DATASET CONTENT |
════════
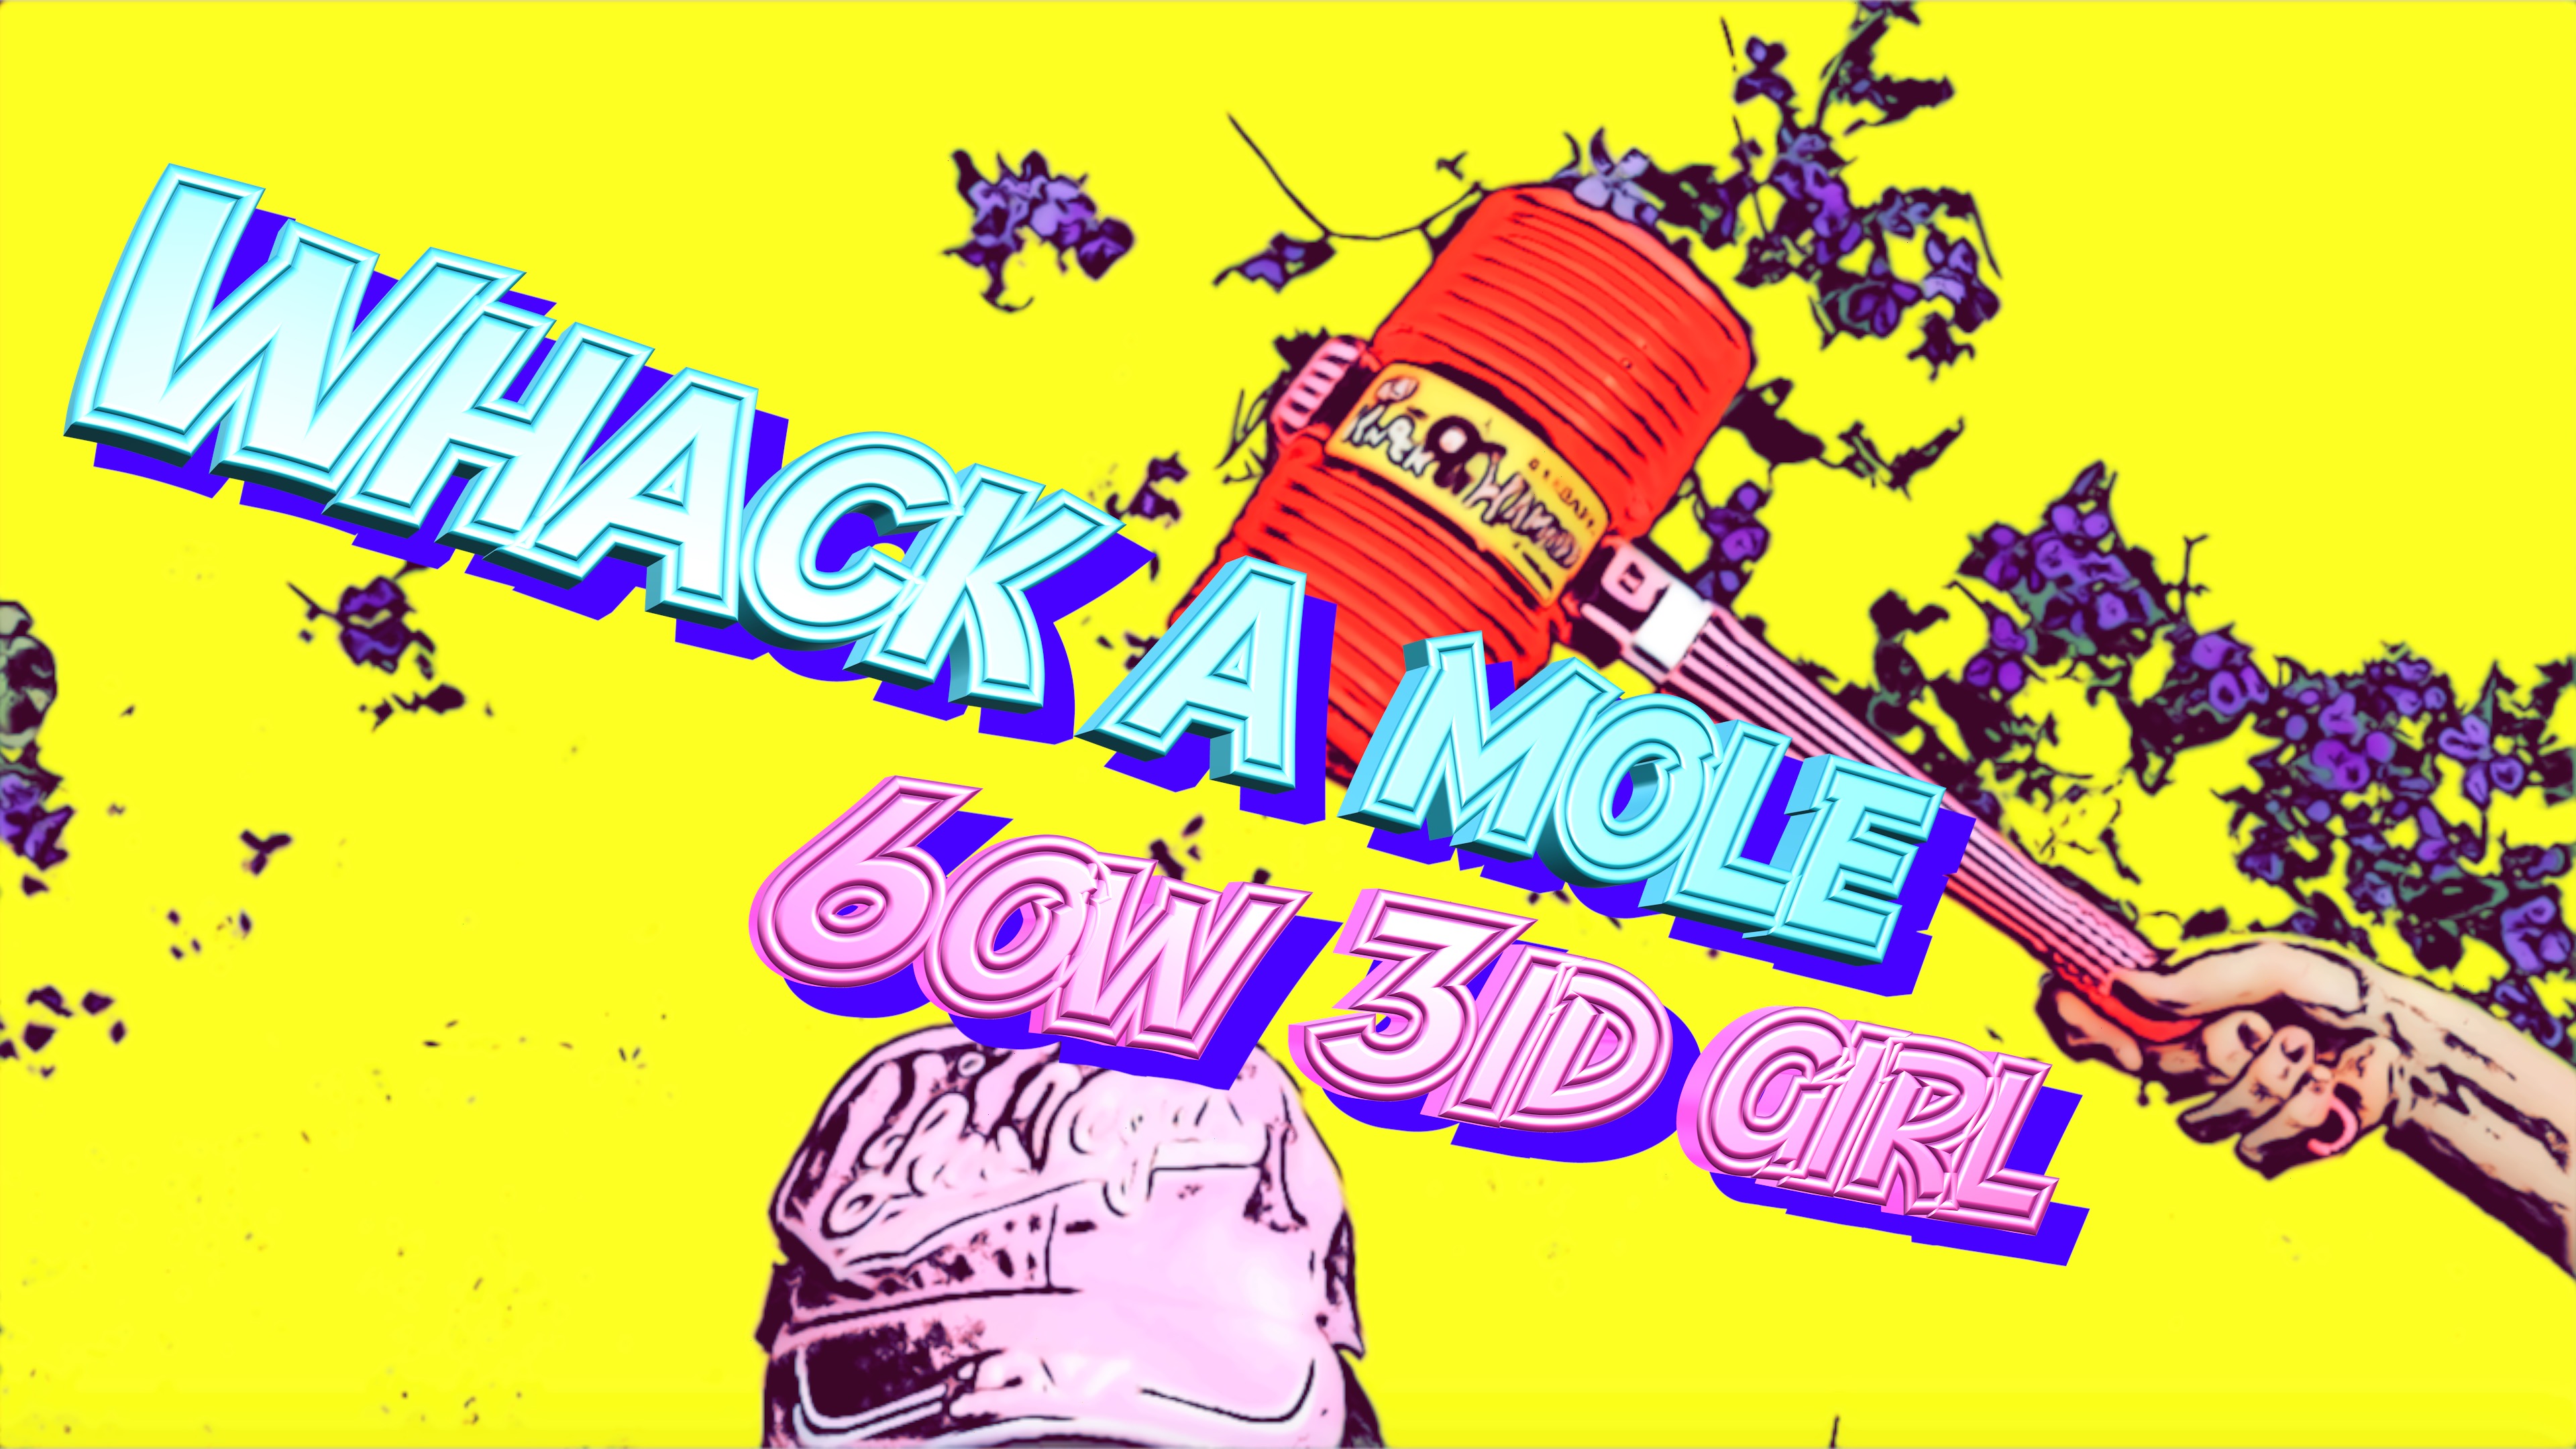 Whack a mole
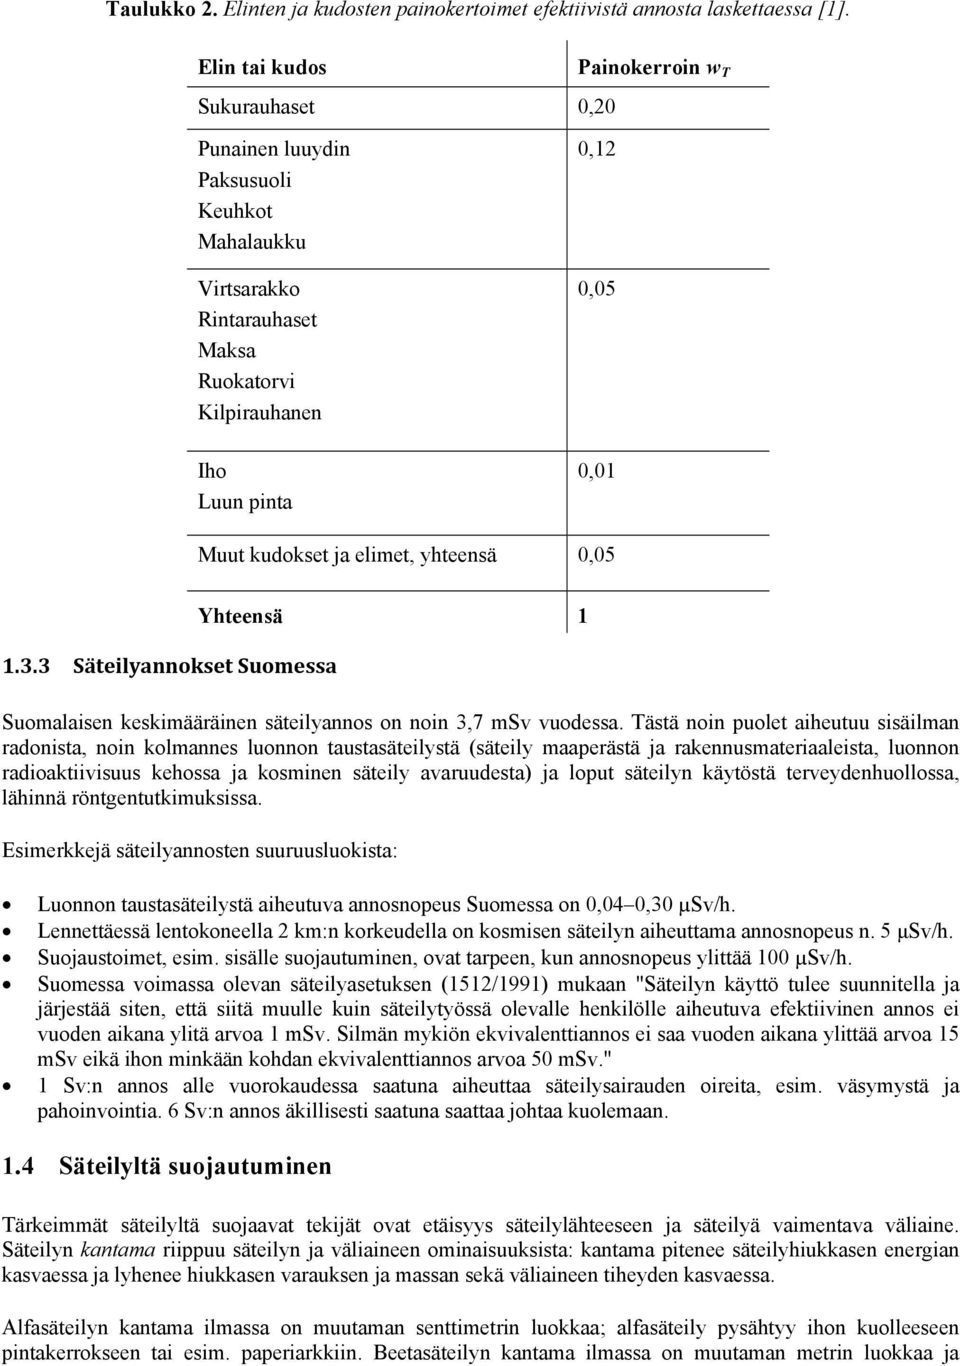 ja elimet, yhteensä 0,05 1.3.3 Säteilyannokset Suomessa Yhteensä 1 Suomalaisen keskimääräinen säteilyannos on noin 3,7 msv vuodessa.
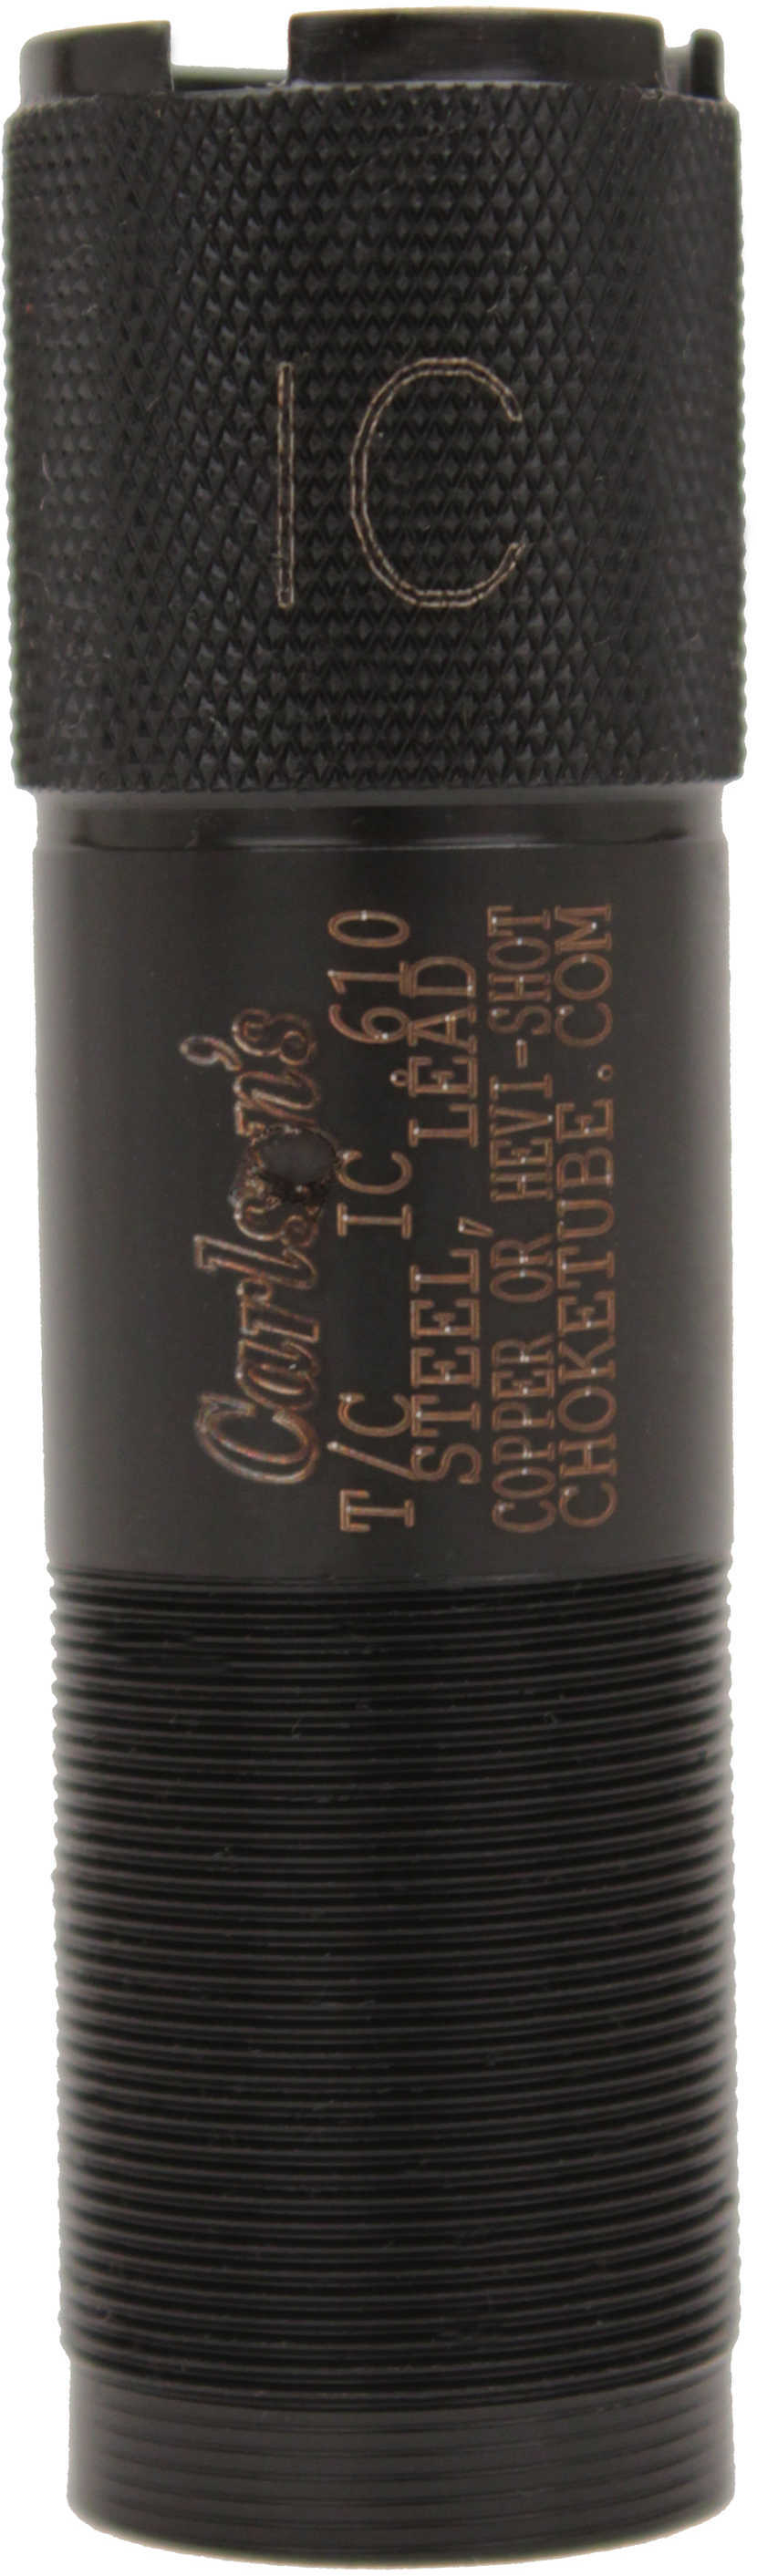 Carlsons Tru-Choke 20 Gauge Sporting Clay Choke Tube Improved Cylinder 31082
════════
WORK ORDER |
Reproduce the full material exactly, excluding the pictures.

COMPLETED EXERCISE |
 Whack a mole
 ja elimet, yhteensä 0,05 1.3.3 Säteilyannokset Suomessa Yhteensä 1 Suomalaisen keskimääräinen säteilyannos on noin 3,7 msv vuodessa.
 Carlsons Tru-Choke 20 Gauge Sporting Clay Choke Tube Improved Cylinder 31082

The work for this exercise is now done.